Zack has decided to try out the online dating service Chix-n-Studz.com. He signs up for an account at the Web site and fills in several screens of forms detailing his personal profile and what he is looking for in a potential partner. In no time at all, the service offers him a number of possible soul mates, among them the very exciting-sounding Wendy. He sends her his e-mail address and what he hopes is an engaging opening message. She replies directly to him, and a whirlwind e-romance begins.
Poor Zack. Soon he is also getting numerous unsolicited phone calls from political action groups and salespeople who seem to know things about him, and his health insurance company is questioning him about his extreme-adventure vacations; the unscrupulous owners of Chix-n-Studz have been selling client information. Then there is Ivan, a mischievous co-worker to whom Zack foolishly showed one of Wendy’s e-mails. Zack does not know that several subsequent recent messages supposedly from Wendy are fakes from Ivan.
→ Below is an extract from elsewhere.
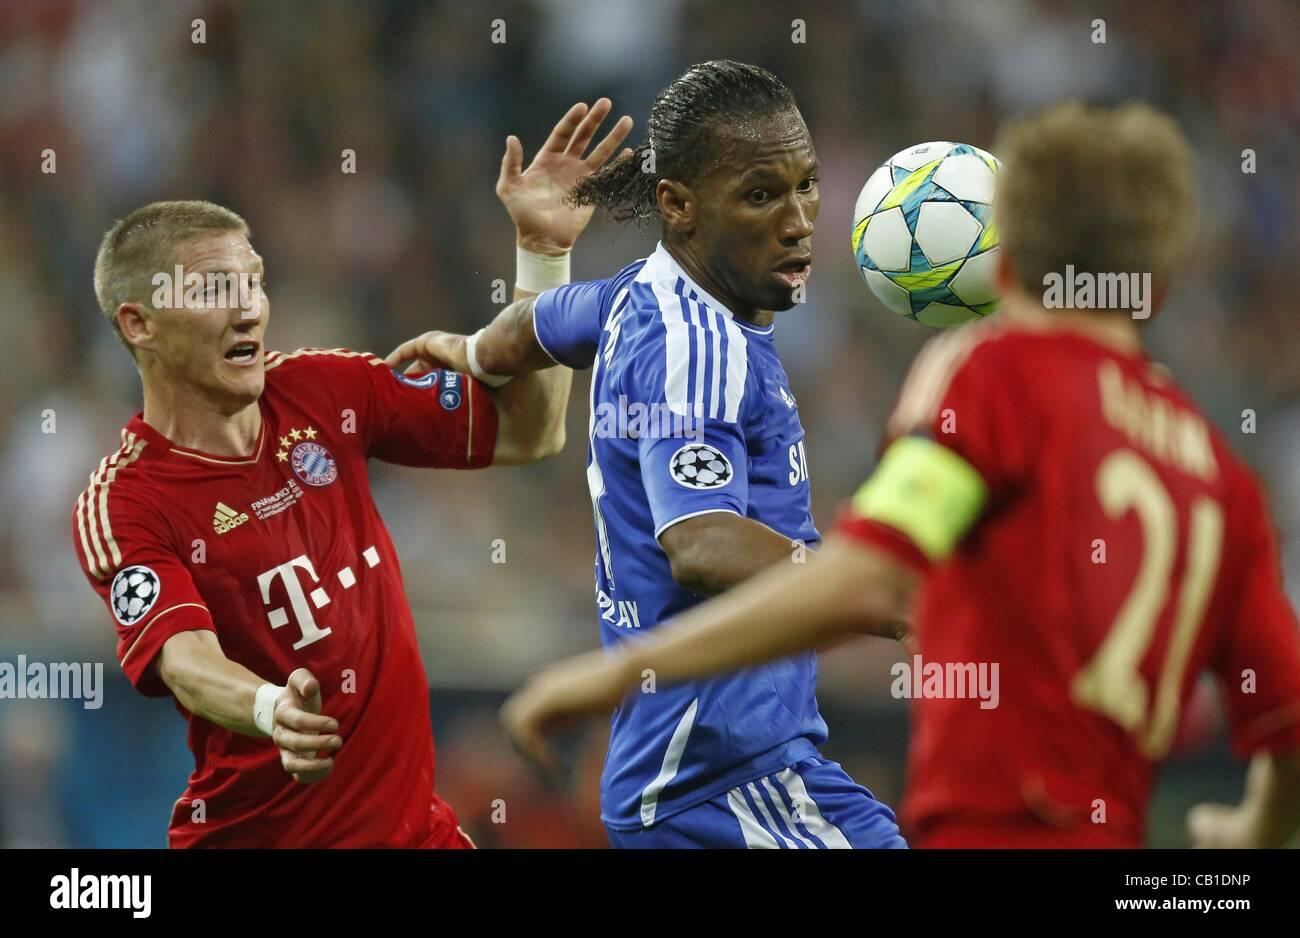 Bastian Schweinsteiger (Bayern #31) im Zweikampf , Aktion um den Ball gegen Didier DROGBA, Chelsea11 Aktion, Zweikampf, - Stock Image

Alice, in contrast, is on cloud nine, as is her new friend Bob. The two have met through SophistiCats.com, a matchmaking service that offers all the latest cryptographic tools. Alice logs on to its Web site protected by anonymous authorization, a system that ensures no one at the service can track who she is or when she is accessing the site. SophistiCats employs software that provides “secure function evaluation” to match her profile and partner criteria with Bob’s, so no one at the service knows their information or even that she and Bob have been matched up. Imagine: a completely effective dating service that knows practically nothing about its clients!
Alice contacted Bob using a feature known as an anonymous channel, and he replied in kind—not even her Internet service provider (ISP) knows that Bob is her contact or what the messages say, and Bob’s ISP is no better informed about her. Alice’s roommate, Eve, however, does know, but only because Alice has talked about Bob and has pinned a printout of some messages above her computer. Eve could be trouble, because she is a die-hard practical joker fully capable of tapping into and altering the data flowing to and from Alice’s computer (in fact, she controls the network that connects them both to the Internet). Never fear: encryption ensures that Eve can learn nothing beyond what Alice has shown her, and the coded “digital signatures” on Alice’s and Bob’s e-mails have made it a cinch for them to spot and ignore Eve’s spoof messages.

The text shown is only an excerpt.